Passing Variadic template argument position

Yes it is possible:

 // we need a compile-time helper to generate indices template< std::size_t... Ns > struct indices { typedef indices< Ns..., sizeof...( Ns ) > next; }; template< std::size_t N > struct make_indices { typedef typename make_indices< N - 1 >::type::next type; }; template<> struct make_indices< 0 > { typedef indices<> type; }; 

With these helpers, you need one forwarder for your function:

 template<typename R, typename... Args, std::size_t... Ns> R myFunctionImpl(void *Data, void *function, indices<Ns...> ) { auto f = (R (*)(Args...))function; return f(read<Args>(Data, Ns + 1)...);// +1 because indices is zero-based } template<typename R, typename... Args> R myFunction(void *Data, void *function) { return myFunctionImpl< R, Args... >( Data, function, typename make_indices<sizeof...(Args)>::type() ); } 

EDIT: How does it work? First, we determine the size of the package of Args arguments through sizeof... make_indices<N>::type then expanded to indices<0,1,2,...,N-1> . It is set as an additional parameter for the implementation function (from the forwarder, which only creates a dummy instance), therefore, the deduction argument is launched on the side of the implementation function and places the generated indexes in the package of arguments Ns .

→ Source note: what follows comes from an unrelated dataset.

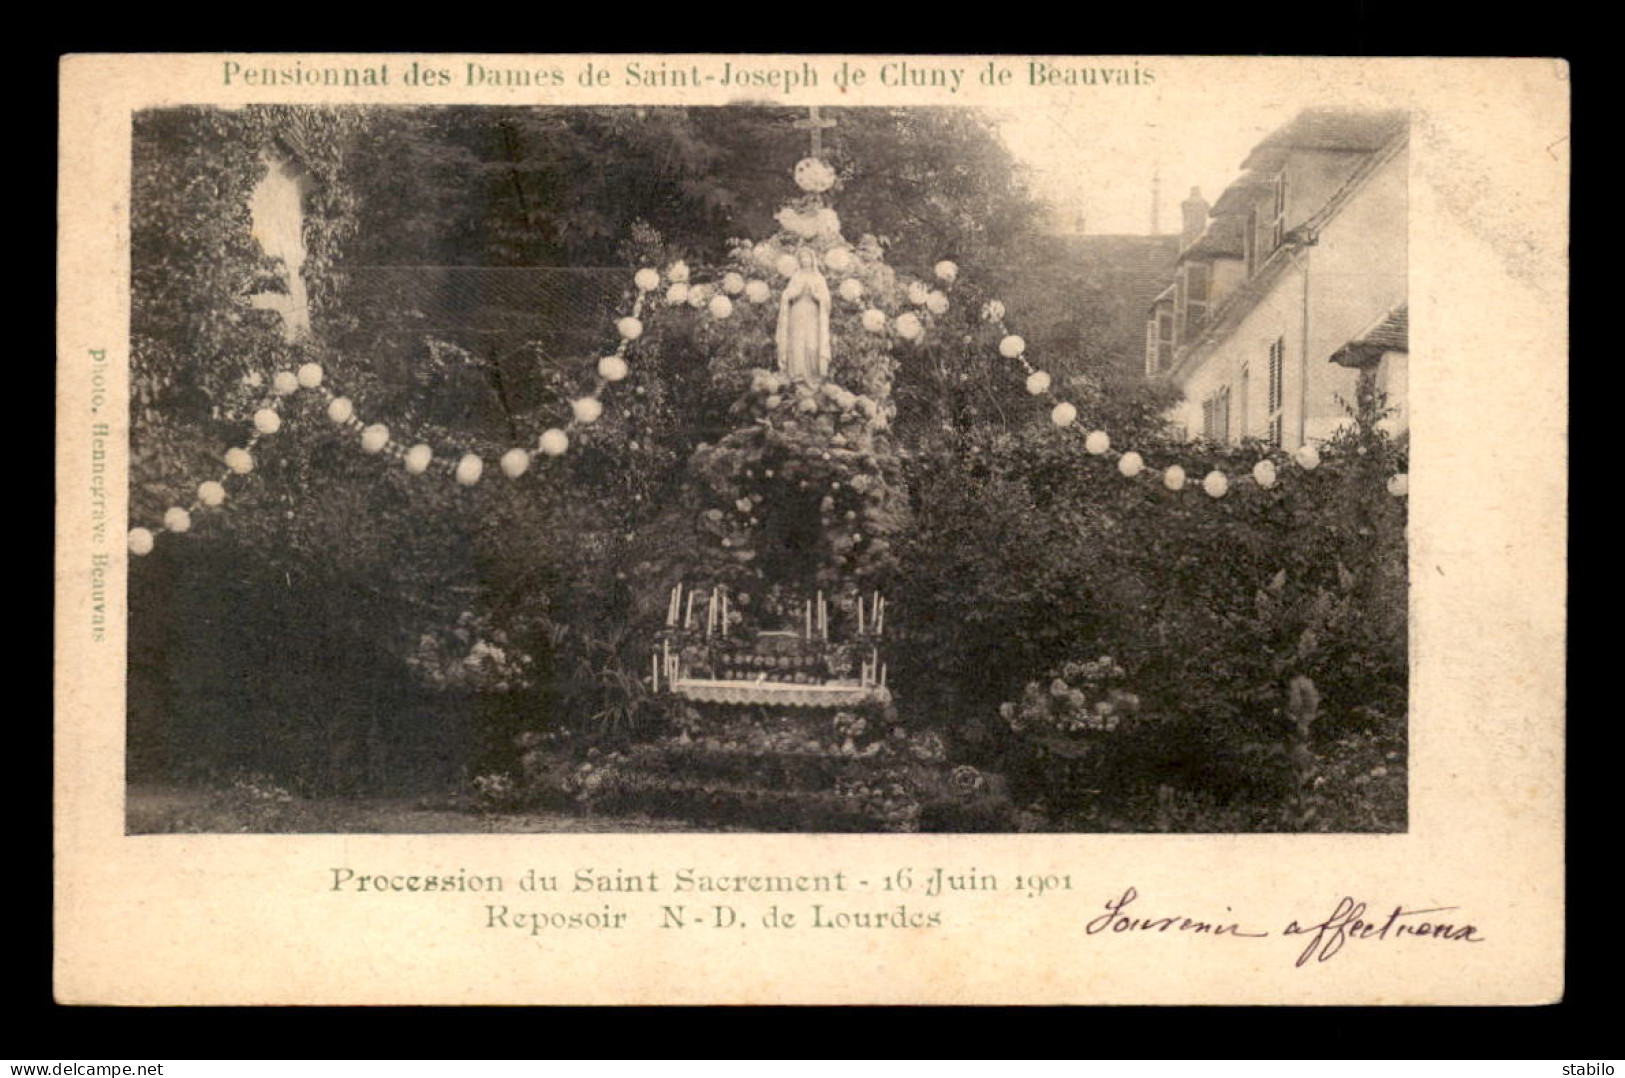 60 - BEAUVAIS - PENSIONNAT DES DAMES DE ST-JOSEPH DE CLUNY - REPOSOIR N-D DE LOURDES 16 JUIN 1901 - Beauvais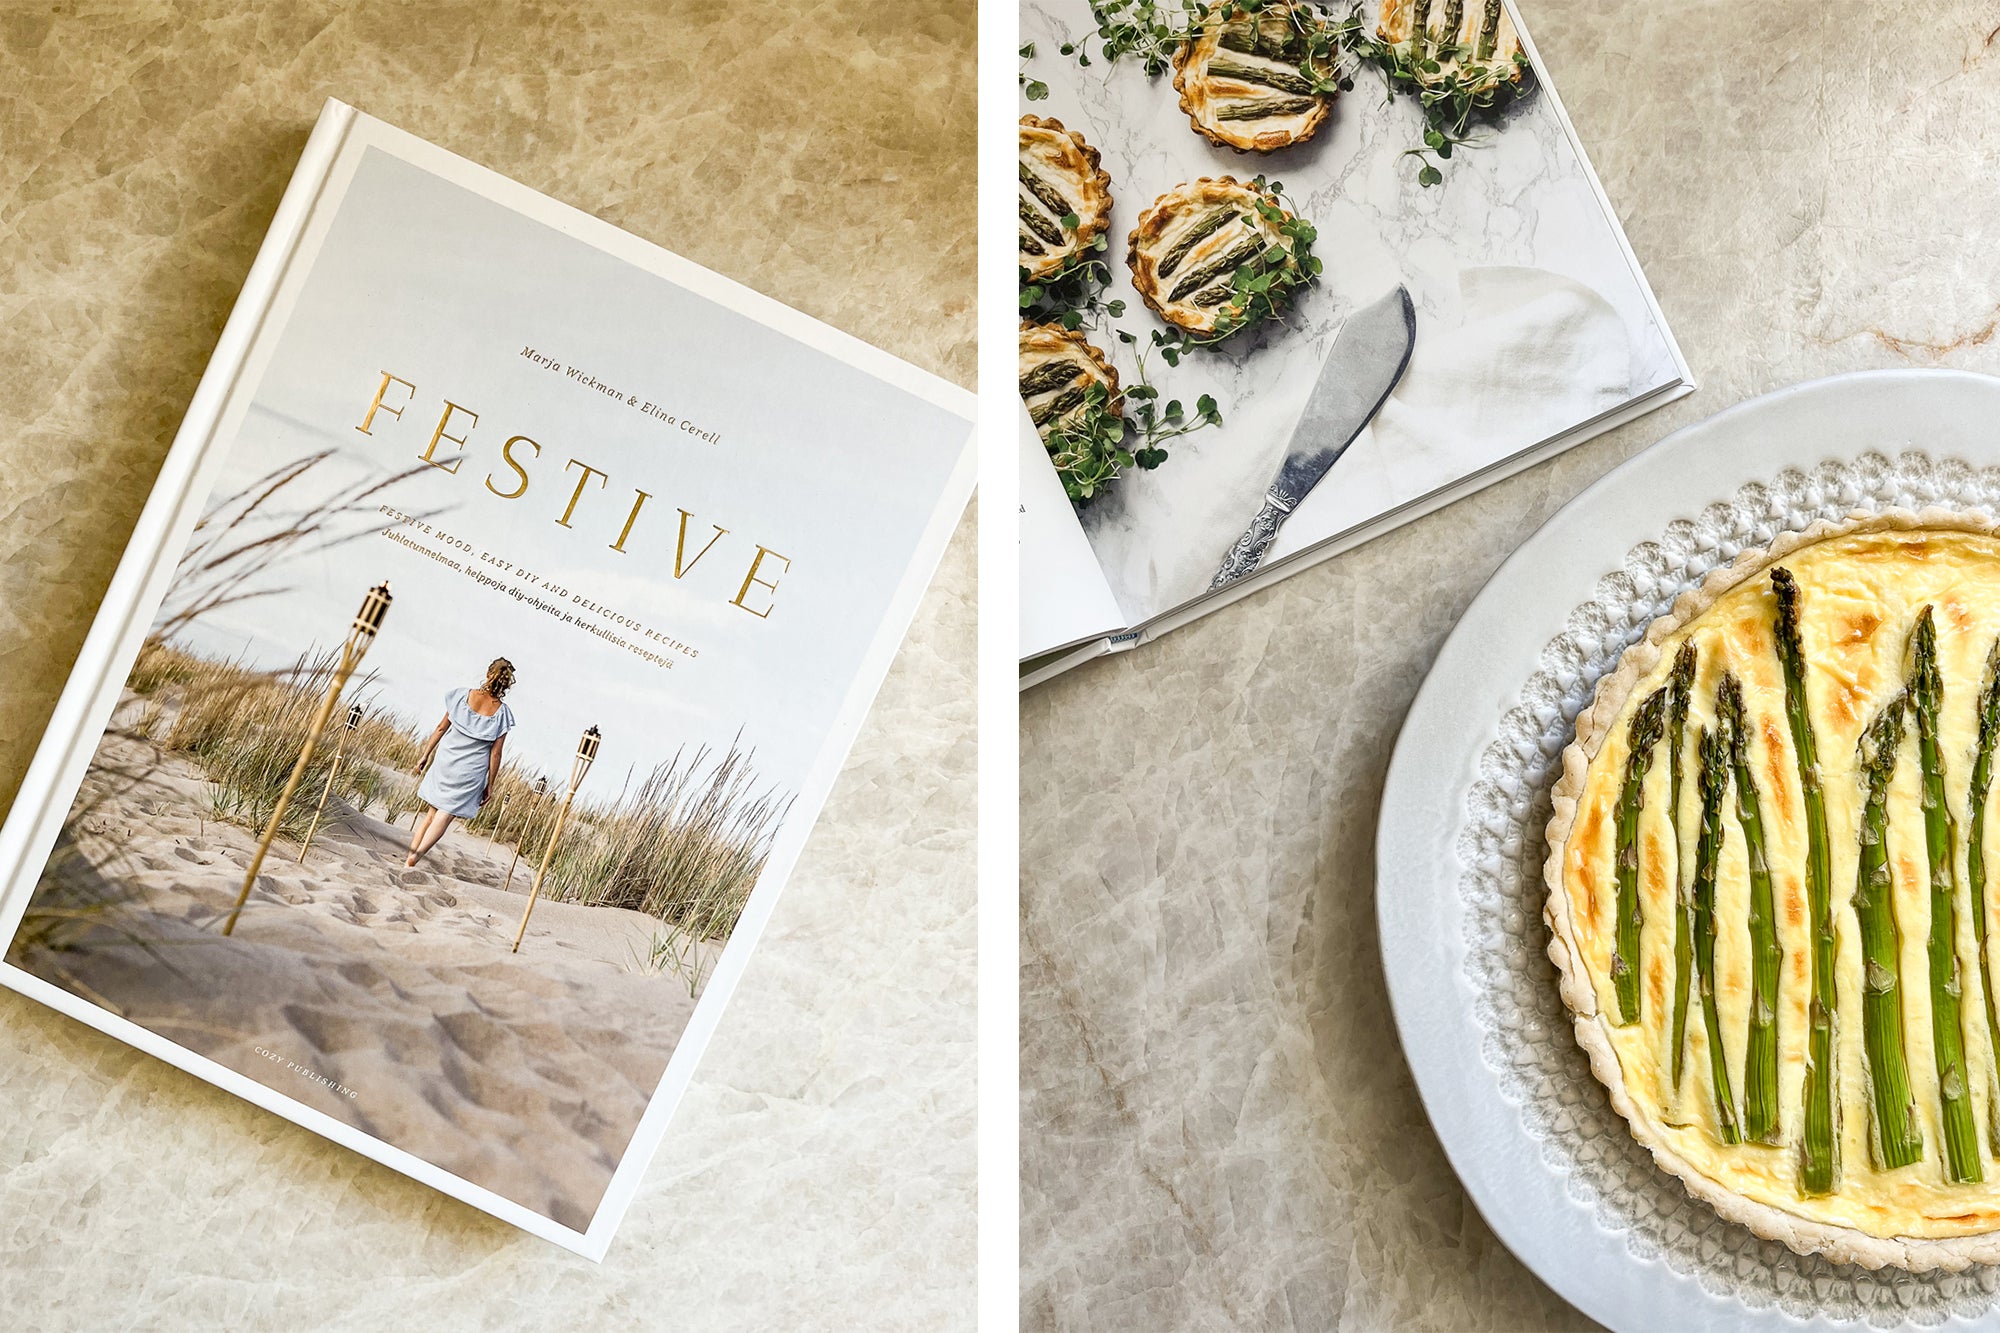 Festive Cookbook, Asparagus Tart

The implementation function now has two packages of arguments with the same size, namely Args and Ns . When expanding with an ellipse ... , the ellipsis expands the entire expression to which it applies, and simultaneously expands all the parameter packets! In the above example, this is the read<Args>(Data, Ns+1) expression, which extends perfectly into the OP pseudo-code.